Santander reports profit of 12,574 million (+14%) in 2024

Banco SantanderAna Botín, Banco Santander executive chair

Jefferies | 4Q2 First Look -New Guidance Supportive to Earnings and Buybacks: A 4% PBT beat, positively impacted by an FX adjustment in Argentina, with PBT ex-Argentina in line. Beats come from ‘core’ geos such as Spain, Mexico and Brazil, with softer prints in rest of Europe. New guidance implies c1-1.5bn EUR upside to ’25 cons profits (+10% at the mid-point) and c4bn EUR upside to cons buybacks in ’25-26.

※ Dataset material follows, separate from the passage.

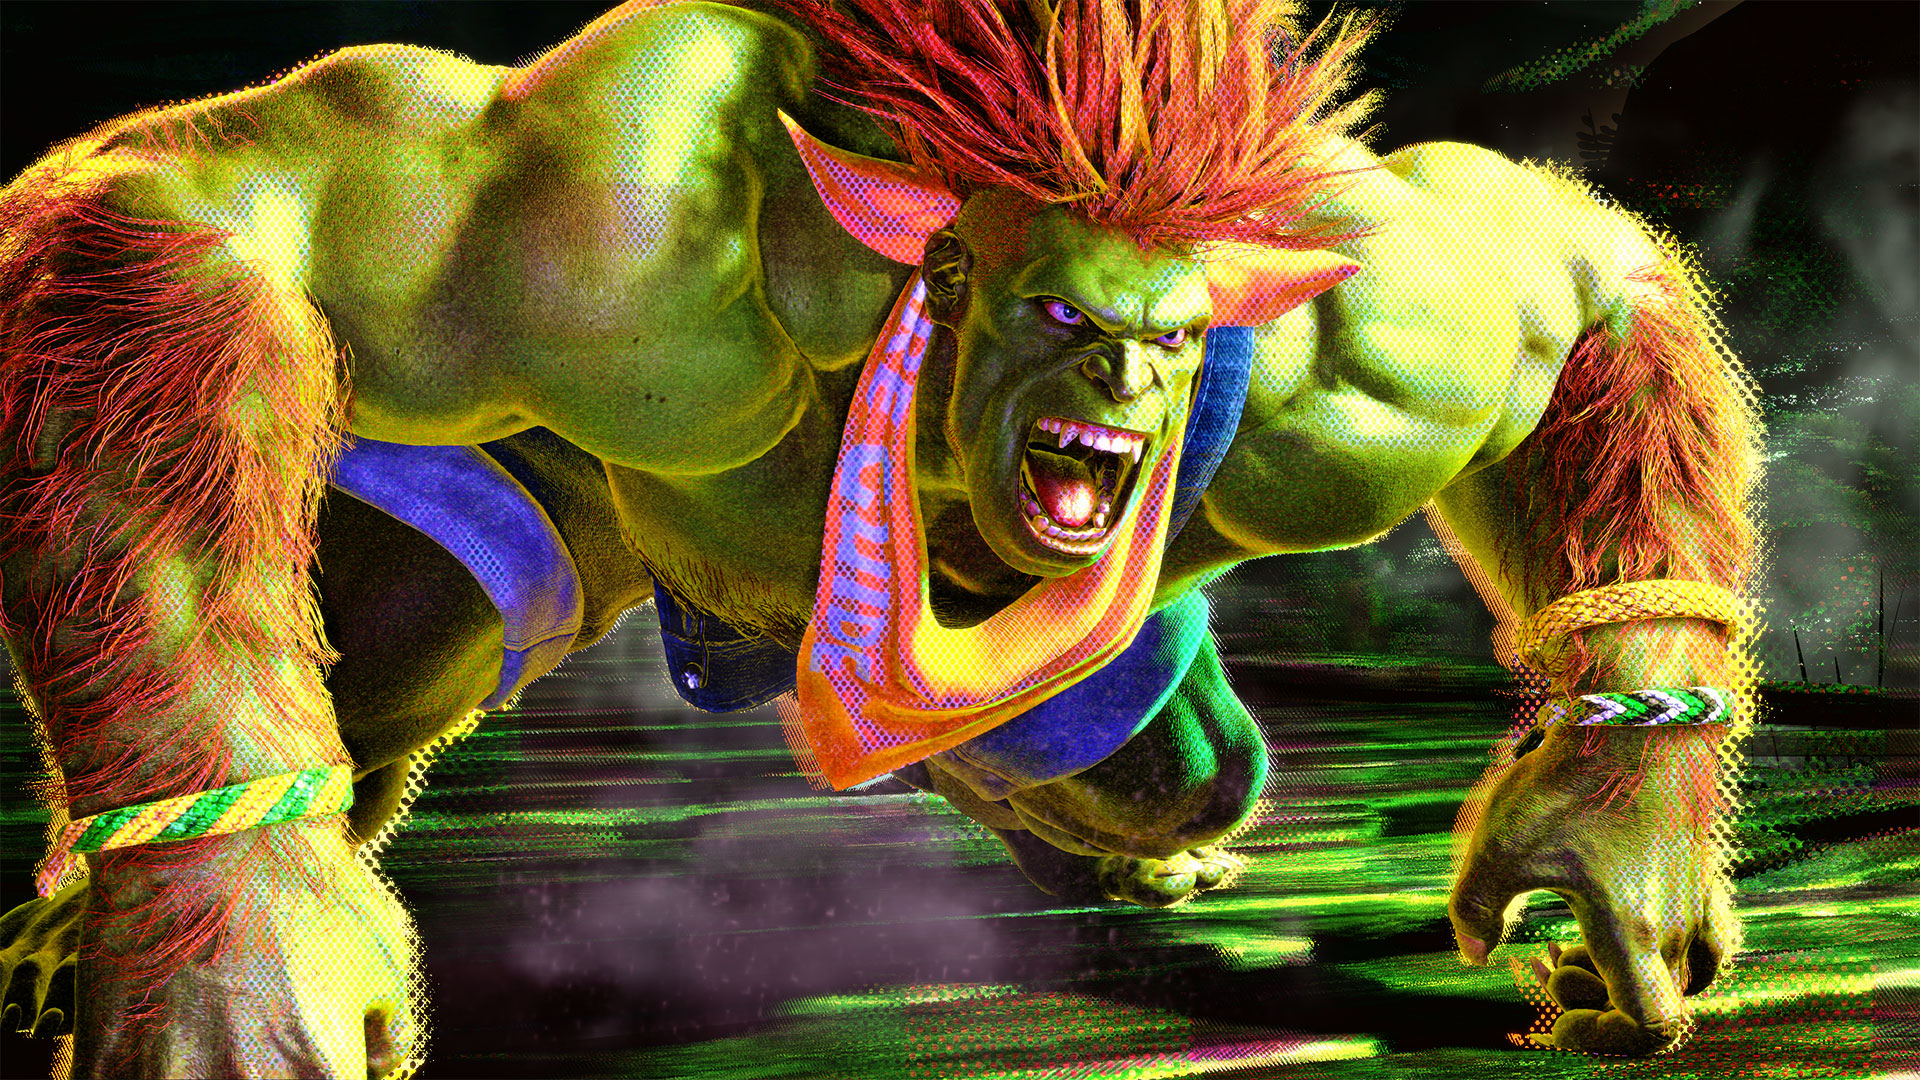 Street Fighter 6 - Official Blanka Overview Trailer - IGN

Santander reported 4Q24 attributable profit of 3,265m EUR, which was 13% above company-compiled consensus of 2,888m EUR. PBT was a 4% beat, with pre-prov profits a 7% beat. Revenue was a 5% beat, with NII a 6% beat. Costs were 2% heavier than consensus. Again, the print is impacted by Argentina, given the hyperinflation accounting, with the 4Q24 FX assumption changed to 1,232 compared to 1,618 in 3Q24. This had a 700m EUR positive impact on NII, o/w 40% was offset in other income, and a negative 250m EUR impact on costs.

Ex-Argentina, attributable profit was a 18% beat, with PBT in line. Pre-provision profit was a 3% beat. Revenues were a 2% beat and costs were in line.

1.6bn EUR buyback announced, in line with remuneration policy. New guidance suggests 1-1.5bn EUR upside to 2025 consensus profits and c4bn EUR upside to consensus buybacks over 2025-2026.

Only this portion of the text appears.